### Problem description
Reproduce all the lines below exactly and omit the images.

### Dataset extract
++++++++++

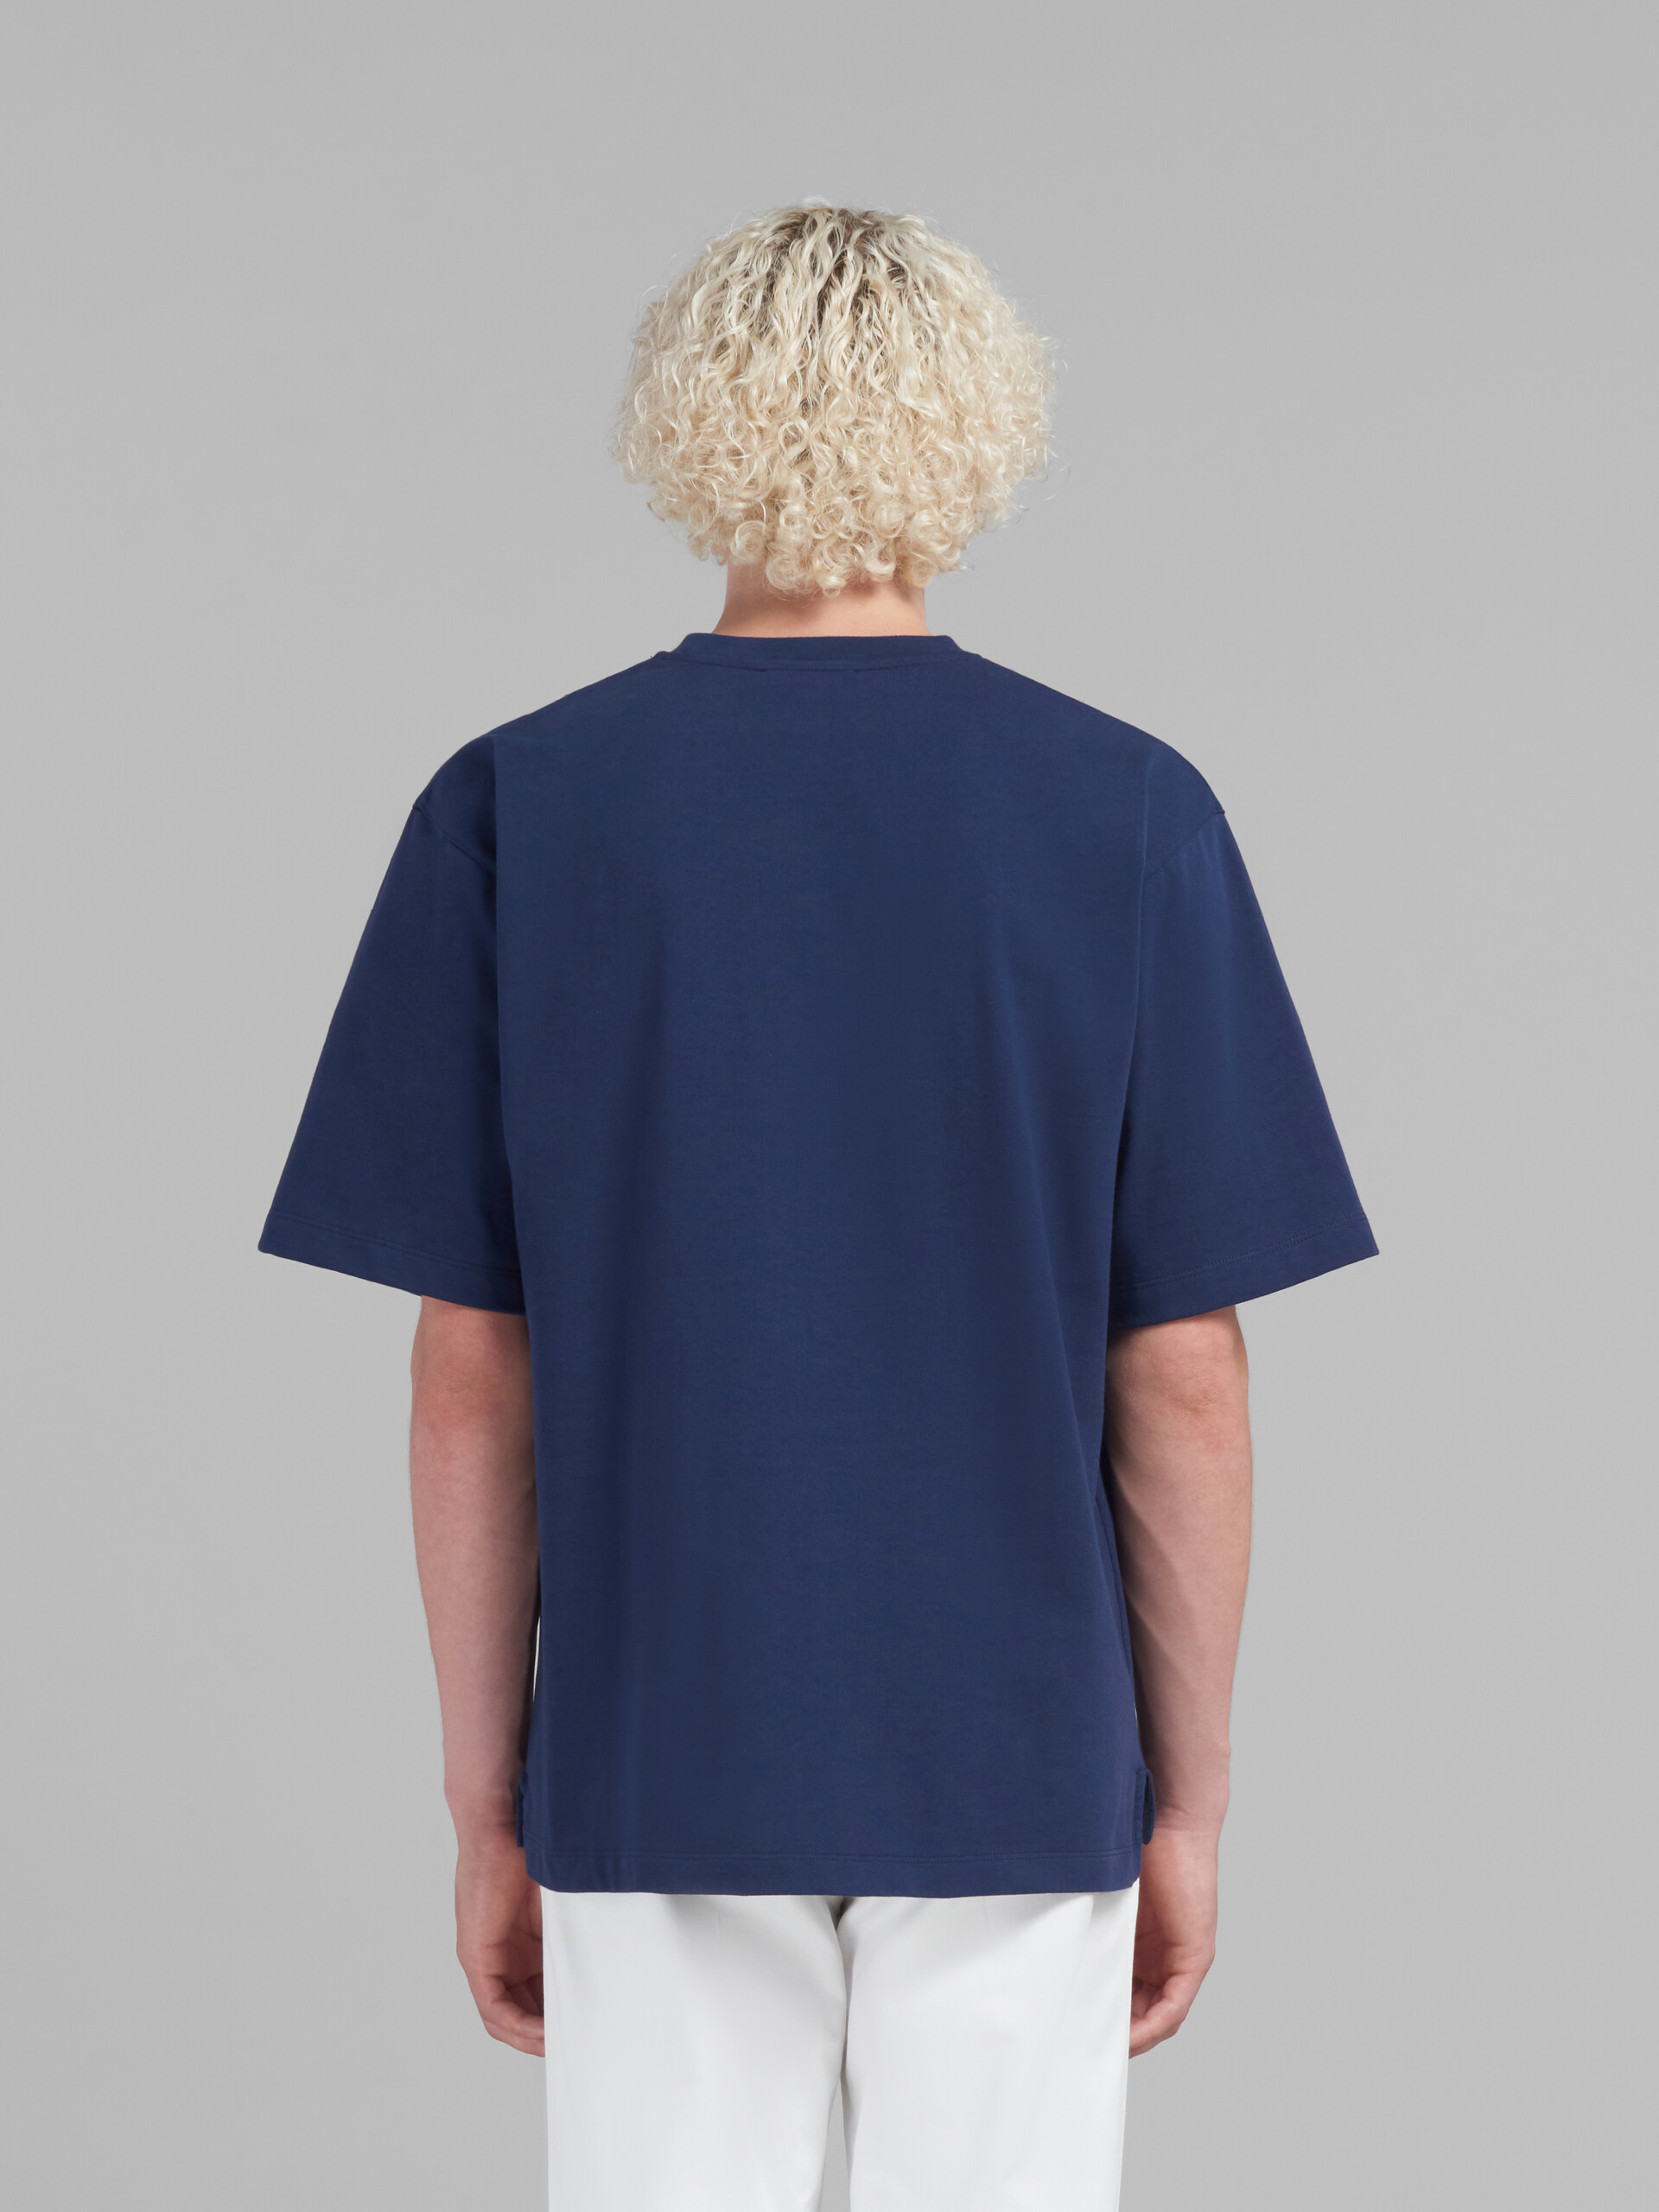 ブルー マルニパッチ付き オーガニックコットン製オーバーサイズTシャツ - Tシャツ - Image 3
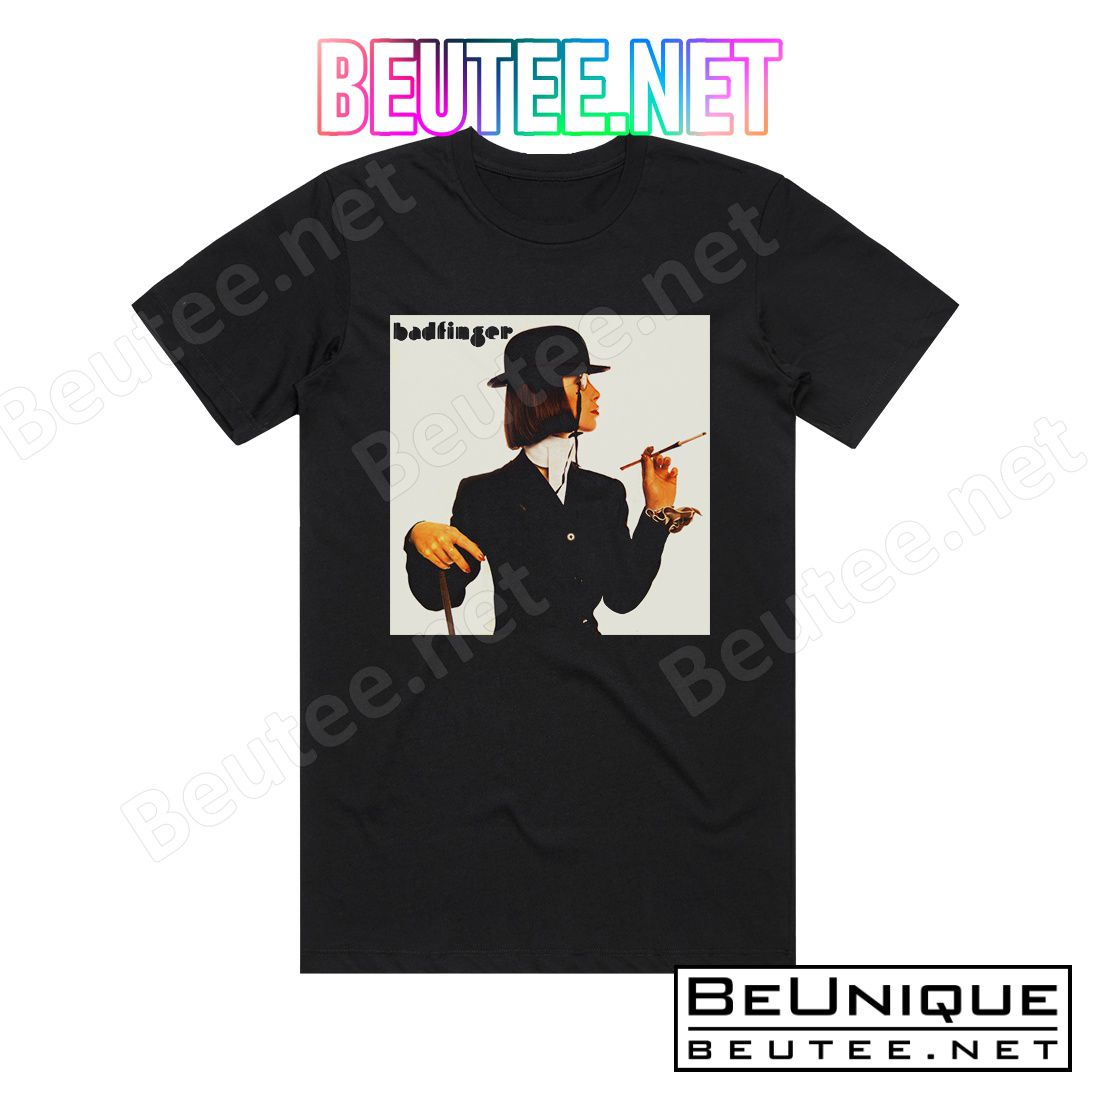 Badfinger Badfinger Album Cover T-Shirt
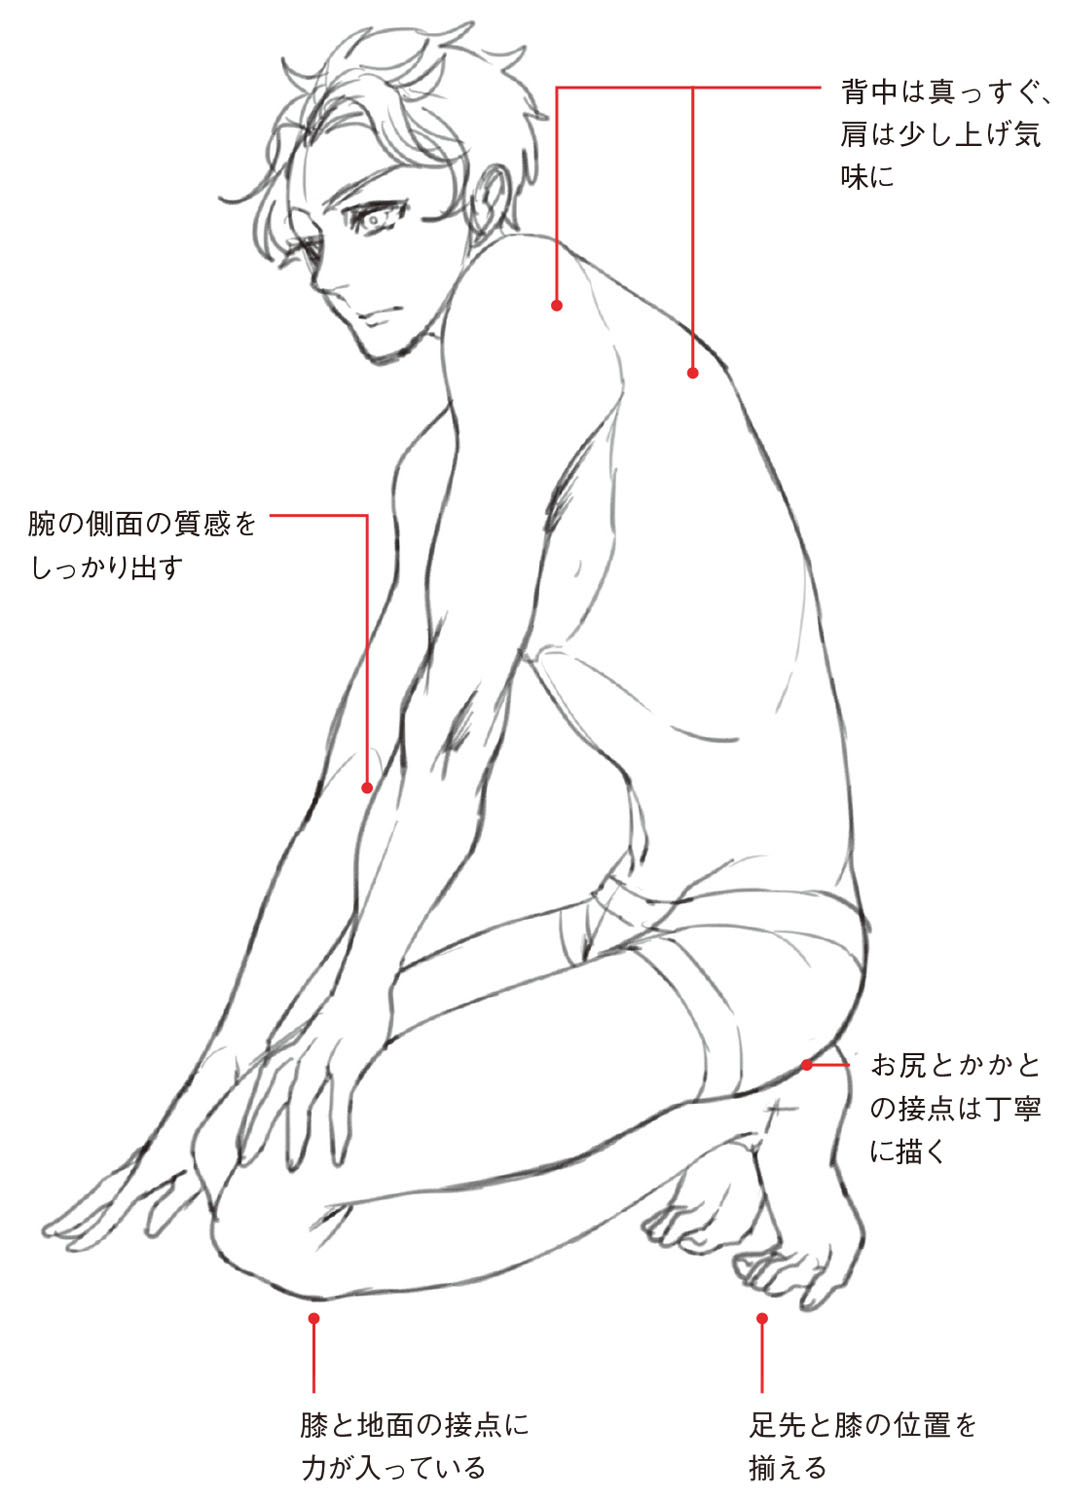 男性キャラのポージングのコツ 床に座る ポーズは 股関節と膝関節

++++++++++

### Finished task
 ブルー マルニパッチ付き オーガニックコットン製オーバーサイズTシャツ - Tシャツ - Image 3
 Badfinger Badfinger Album Cover T-Shirt
 男性キャラのポージングのコツ 床に座る ポーズは 股関節と膝関節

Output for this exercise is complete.